This decision is uncorrected and subject to revision before publication in the Official Reports.
Dijalma Neto, respondent,
v
Buddies Bro, LLC, et al., appellants, et al., defendant.
Supreme Court of the State of New York, Appellate Division, Second Judicial Department
Decided on June 17, 2026
2024-06933, (Index No. 515611/20)
Francesca E. Connolly, J.P.
Valerie Brathwaite Nelson
Barry E. Warhit
Elena Goldberg Velazquez, JJ.
Brody Law Group, PLLC, New York, NY (Magdalene P. Skoutzos of counsel), for appellants.
Michael S. Lamonsoff (Pollack, Pollack, Isaac & DeCicco, LLP, New York, NY [Brian J. Isaac, Lori E. Parkman, and Jillian Rosen], of counsel), for respondent.
DECISION & ORDER
In an action to recover damages for personal injuries, the defendants Buddies Bro, LLC, and Townhouse Builders, Inc., appeal from an order of the Supreme Court, Kings County (Francois A. Rivera, J.), dated March 20, 2024. The order granted that branch of the plaintiff's motion which was for summary judgment on the issue of liability on the cause of action alleging a violation of Labor Law § 240(1) insofar as asserted against those defendants.
ORDERED that the order is reversed, on the law, with costs, and that branch of the plaintiff's motion which was for summary judgment on the issue of liability on the cause of action alleging a violation of Labor Law § 240(1) insofar as asserted against the defendants Buddies Bro, LLC, and Townhouse Builders, Inc., is denied.
The plaintiff, a carpenter employed by Magellan Concrete Structures, commenced this action to recover damages for personal injuries he allegedly sustained while working on a project involving the construction of a building at premises owned by the defendant Buddies Bro, LLC, and at which the defendant Townhouse Builders, Inc. (hereinafter together the defendants), was serving as the general contractor. The plaintiff asserted, inter alia, causes of action alleging violations of Labor Law §§ 200, 240(1), and 241(6), and common-law negligence.
The plaintiff testified at his deposition that, on the date of the accident, he was "stripping" the second floor ceiling, which involved removing "the material that had been used to make a base to pour the cement." At the time of the incident, the plaintiff was climbing down a cement column located on the side of the building using scissor clamps that were attached to the column. The plaintiff slipped and fell while descending the scissor clamps.

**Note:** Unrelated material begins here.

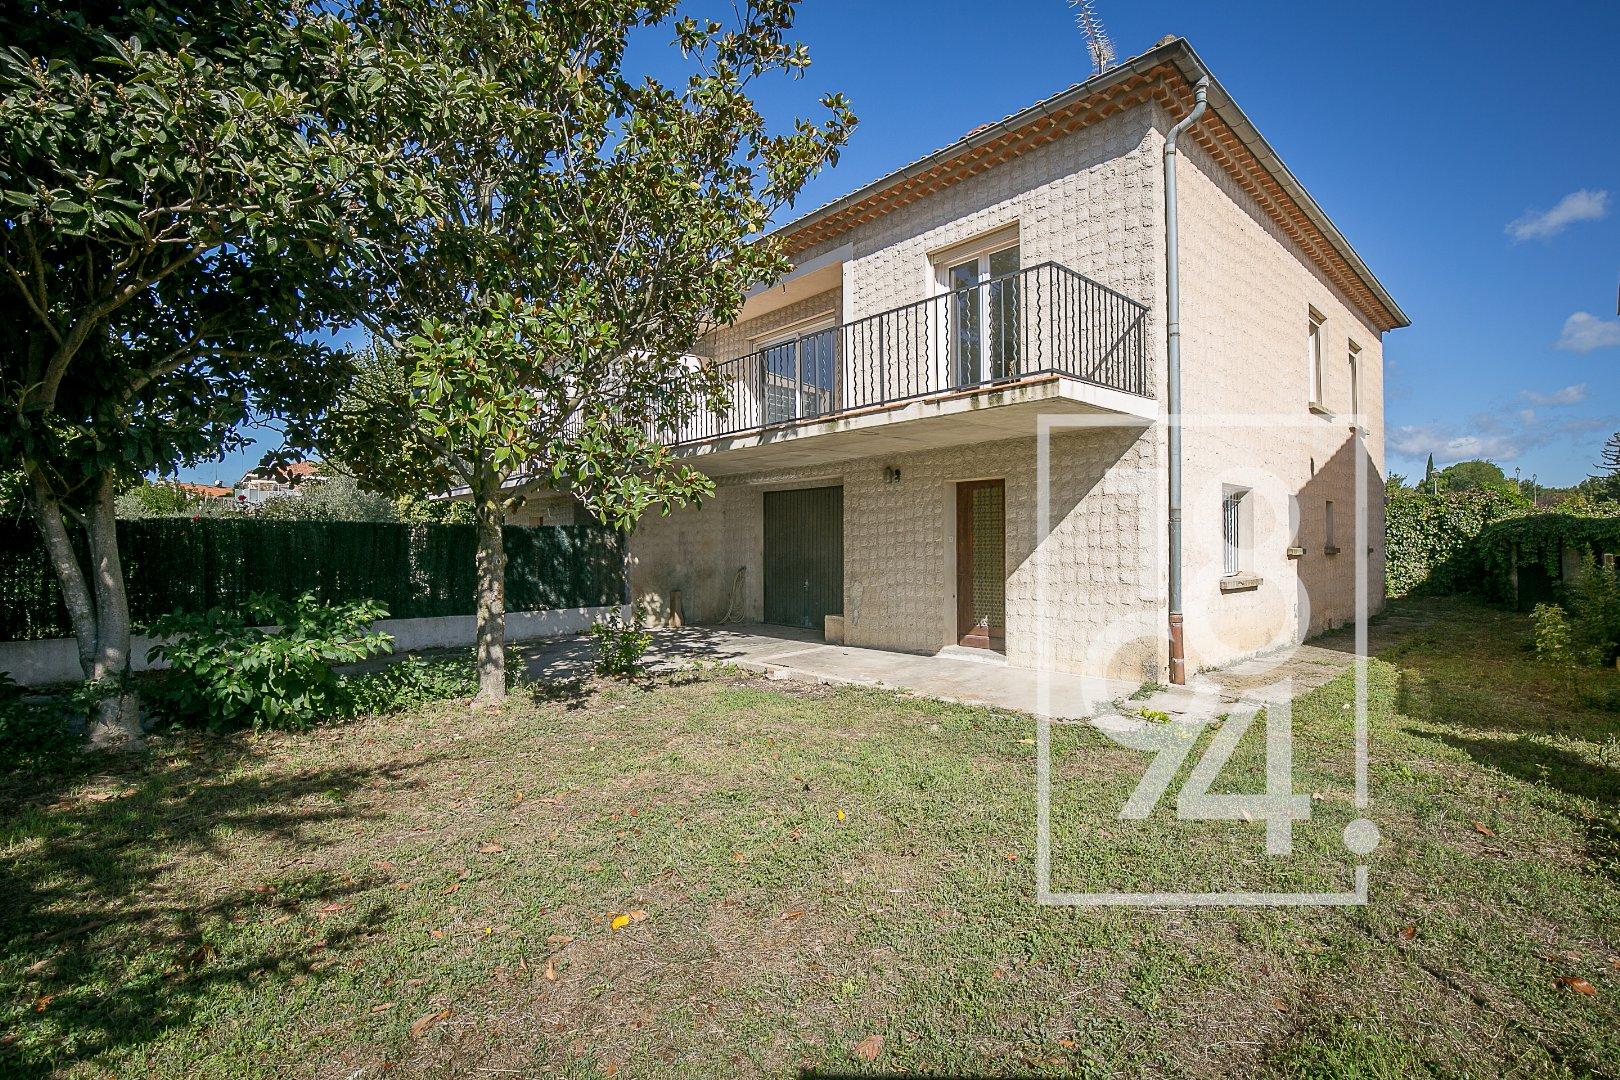 Maison T4 de 180 m² avec garage, cave, terrasse et jardin arboré à La Tour d'Aigues
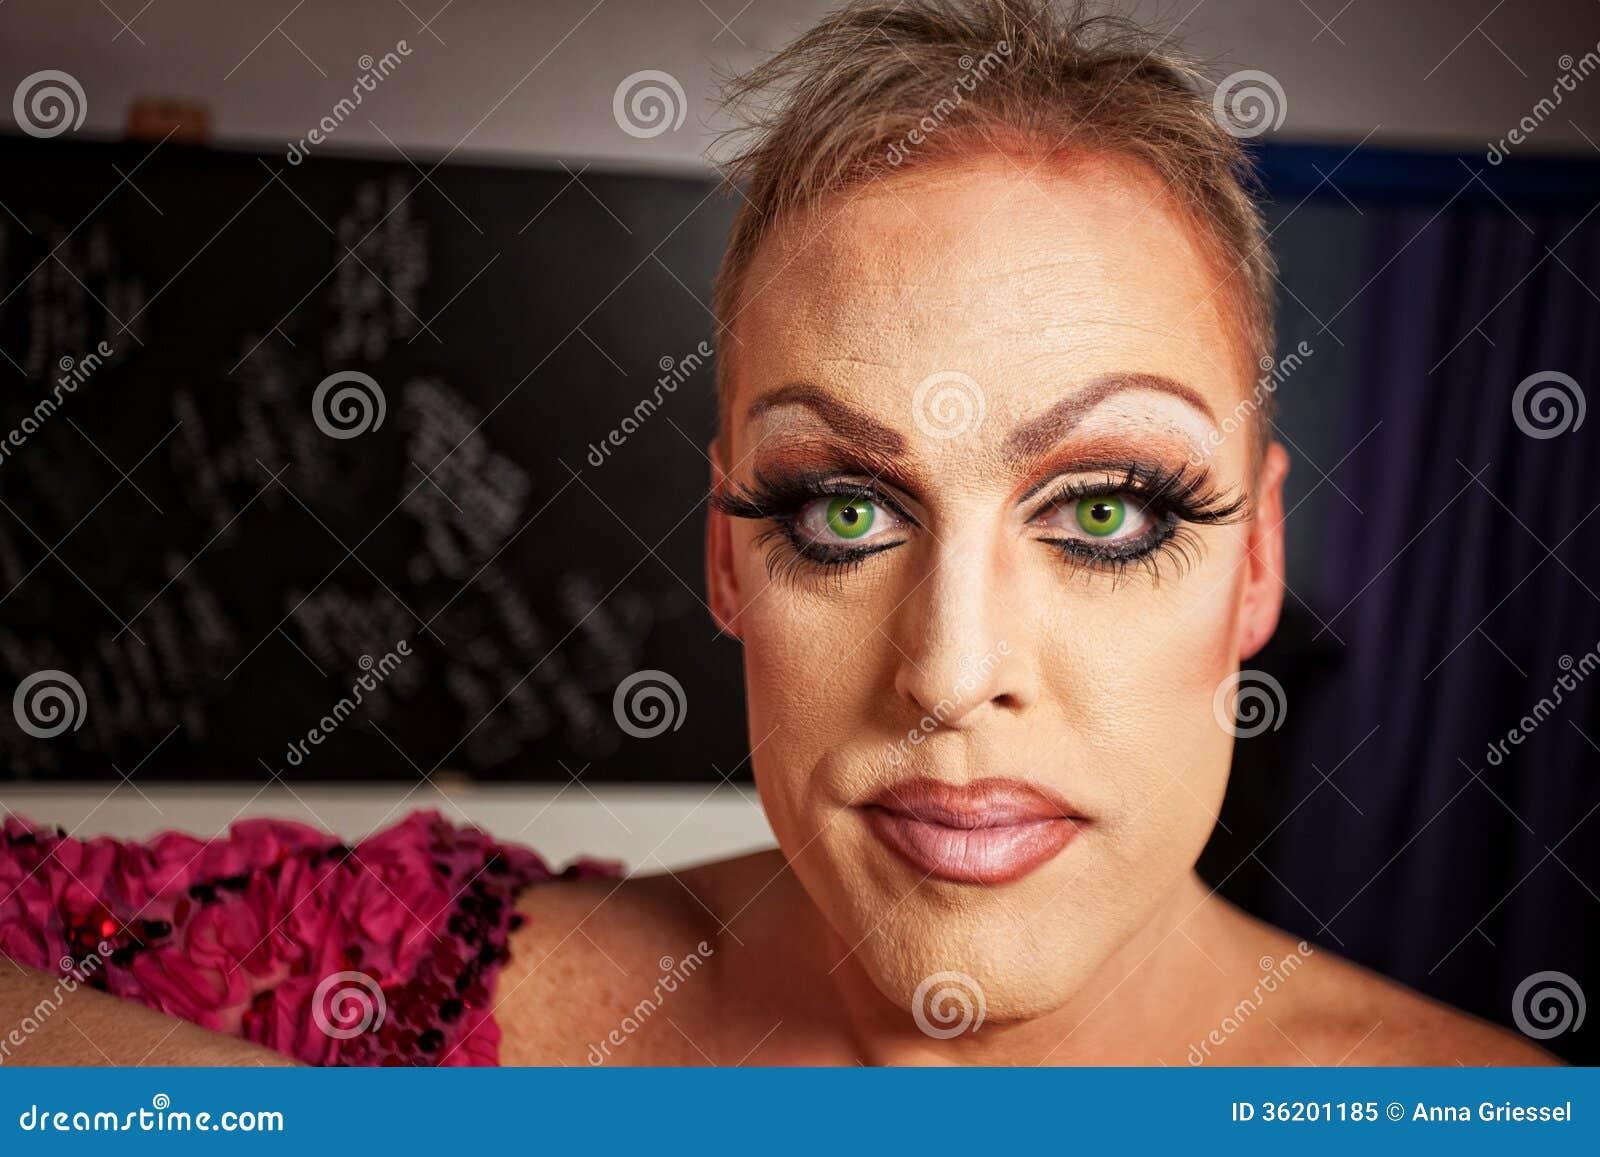 close-up-man-makeup-serious-backstage-room-36201185.jpg

The plaintiff testified that his personal fall arrest system engaged, which prevented him from falling to the ground, but he struck the exterior wall of the building, causing him to lose consciousness.
The plaintiff moved, inter alia, for summary judgment on the issue of liability on the cause of action alleging a violation of Labor Law § 240(1) insofar as asserted against the defendants. In an order dated March 20, 2024, the Supreme Court granted that branch of the motion. The defendants appeal.
"Labor Law § 240(1) imposes upon owners, contractors, and their agents a [*2]nondelegable duty to provide workers with proper protection from elevation-related hazards" (Thorpe v One Page Park, LLC, 208 AD3d 818, 820 [internal quotation marks omitted]; see Guaman v 178 Ct. St., LLC, 200 AD3d 655, 657). "To prevail on a cause of action alleging a violation of Labor Law § 240(1), a plaintiff must prove that the defendant violated the statute and that such violation was a proximate cause of his or her injuries" (Exley v Cassell Vacation Homes, Inc., 209 AD3d 839, 840; see Correa v 455 Ocean Assoc., LLC, 218 AD3d 435, 436). "Although an injured worker's comparative negligence is not a defense to a Labor Law § 240(1) cause of action, where the plaintiff is the sole proximate cause of his or her own injuries, there can be no liability under Labor Law § 240(1)" (Iannaccone v United Natural Foods, Inc., 219 AD3d 819, 820; see Cahill v Triborough Bridge & Tunnel Auth., 4 NY3d 35, 39-40).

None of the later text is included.